### Data section

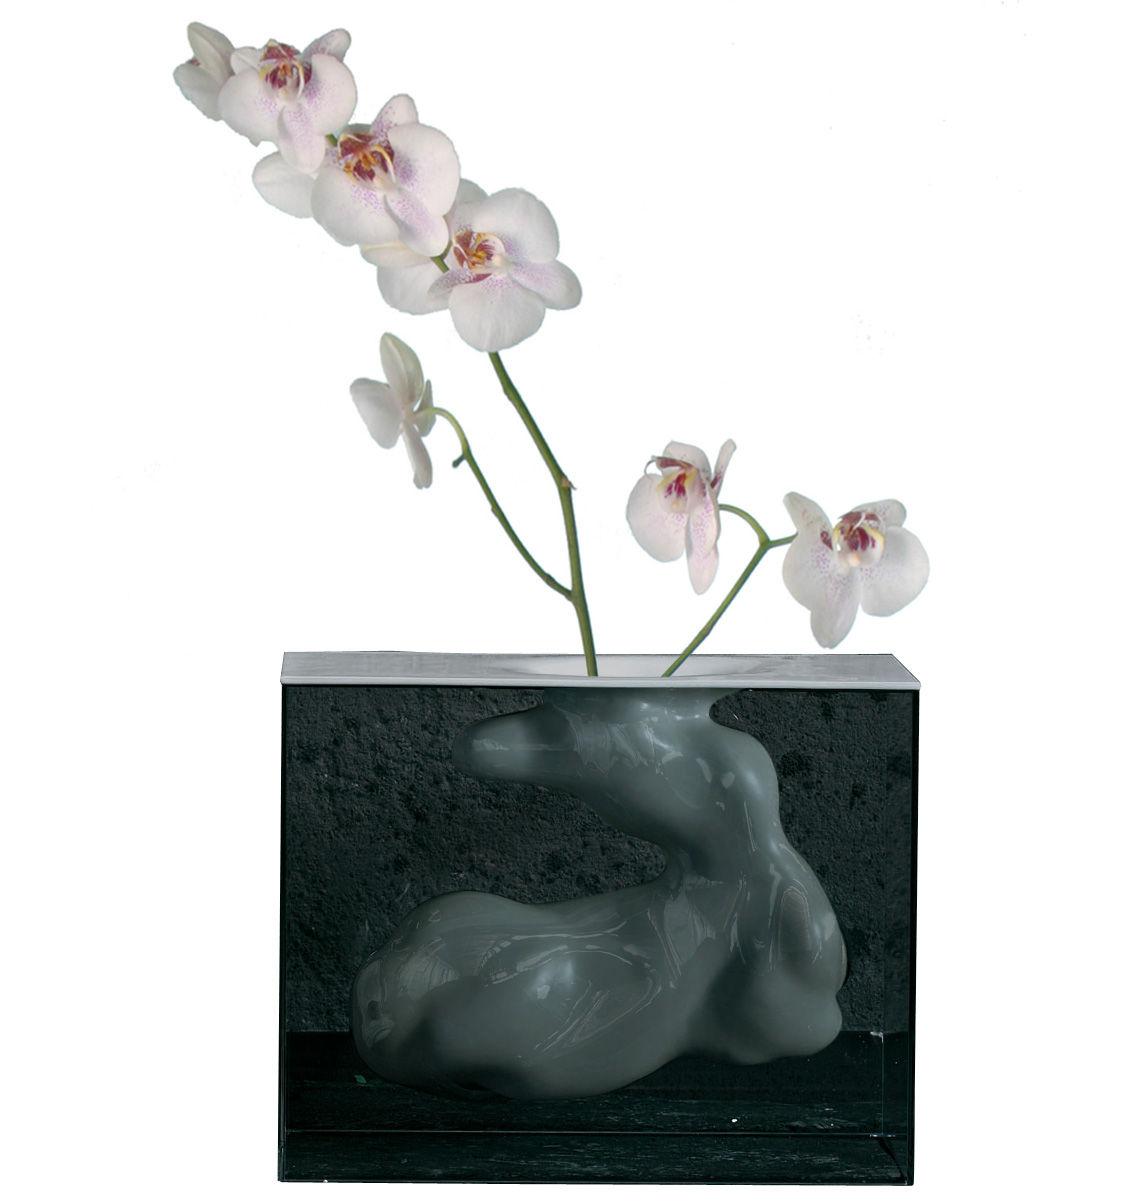 Dekoration - Vasen - Angela Vase H 45 cm - Glas Italia - Rauchglas - Weiß - Cristal trempé, Keramik
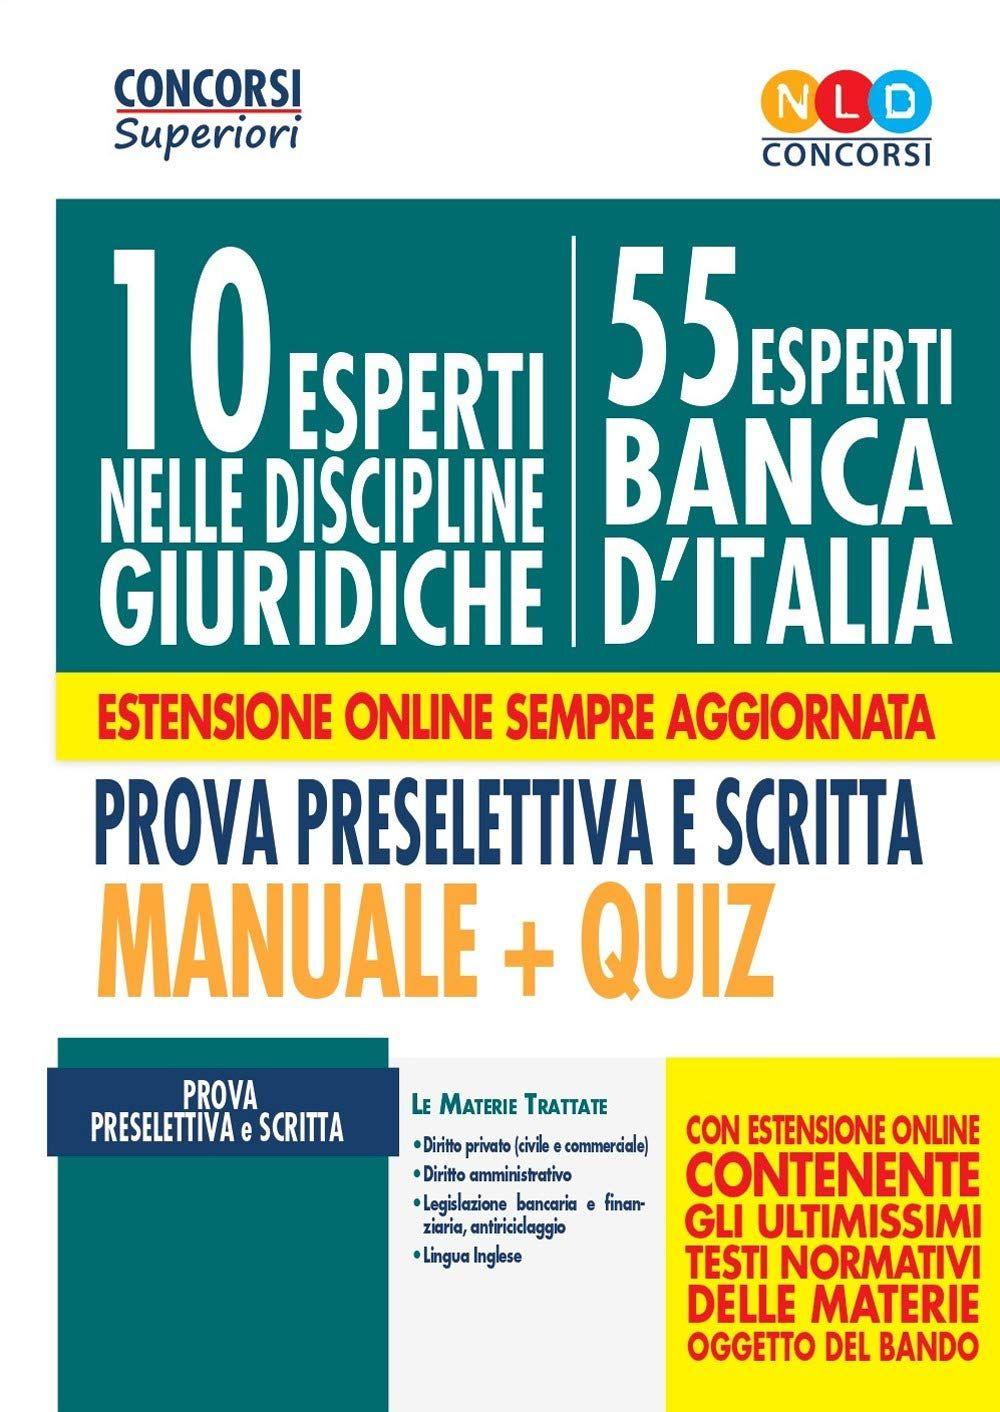 37+ Quiz concorso banca d italia ideas
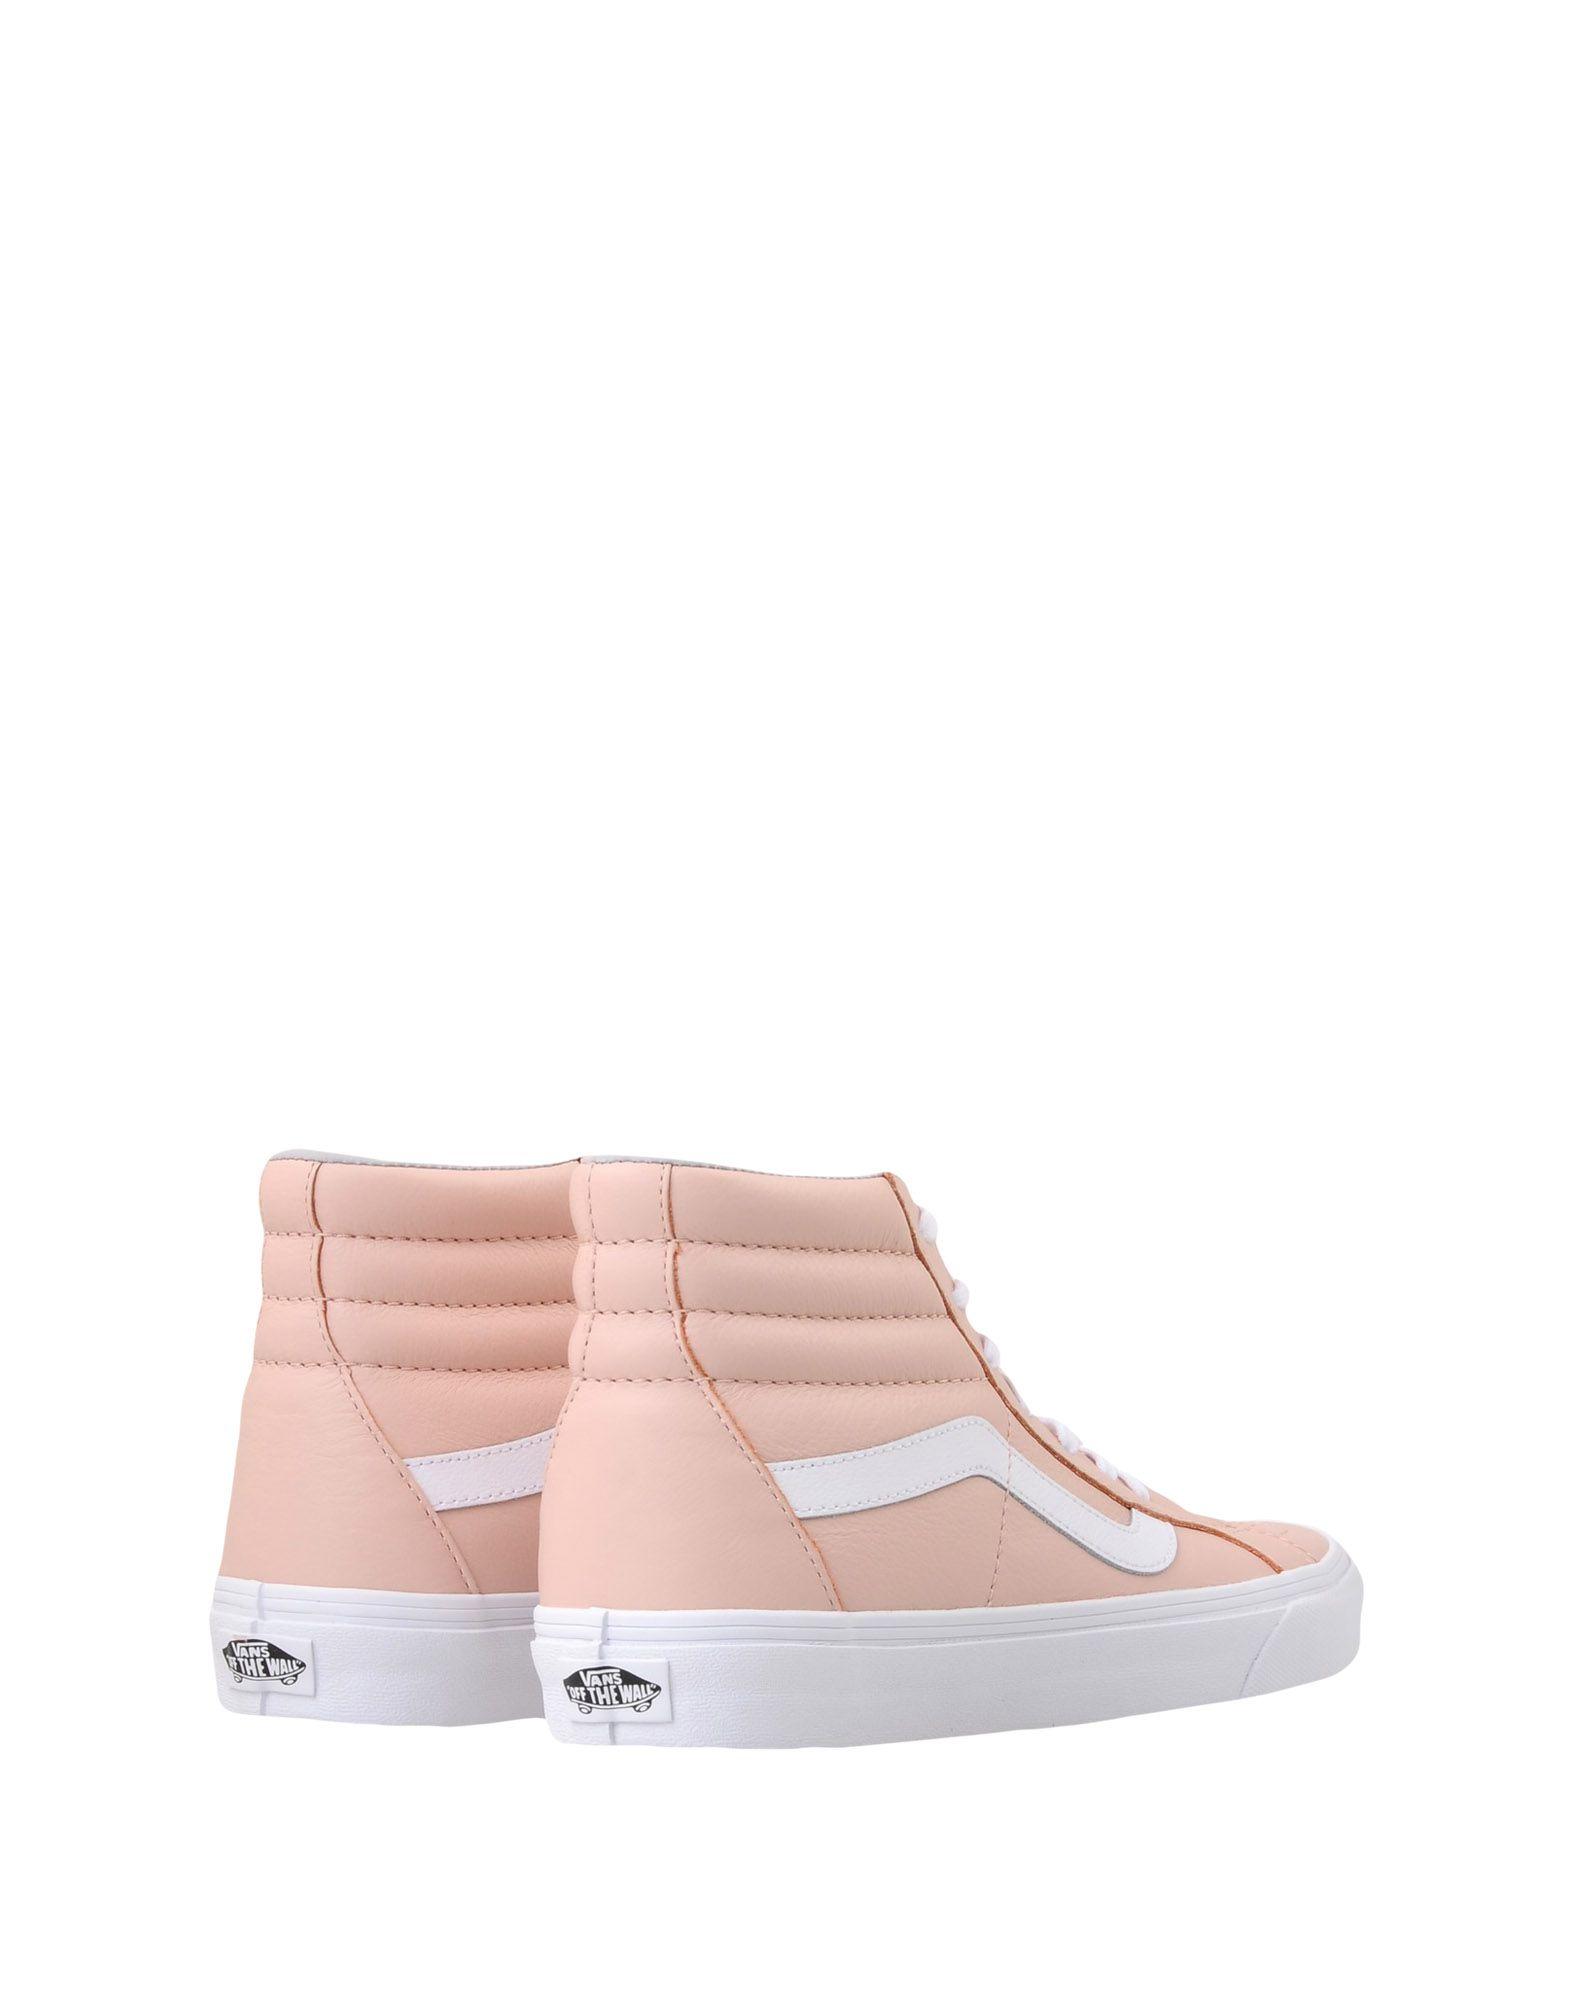 Haltbare Mode billige Schuhe Vans Neue Ua Sk8 11452059HJ Neue Vans Schuhe f186a9

### What you need to do
In full and without changes, repeat the listing above, but not its pictures.

### Written solution
 Dekoration - Vasen - Angela Vase H 45 cm - Glas Italia - Rauchglas - Weiß - Cristal trempé, Keramik
 37+ Quiz concorso banca d italia ideas
 Haltbare Mode billige Schuhe Vans Neue Ua Sk8 11452059HJ Neue Vans Schuhe f186a9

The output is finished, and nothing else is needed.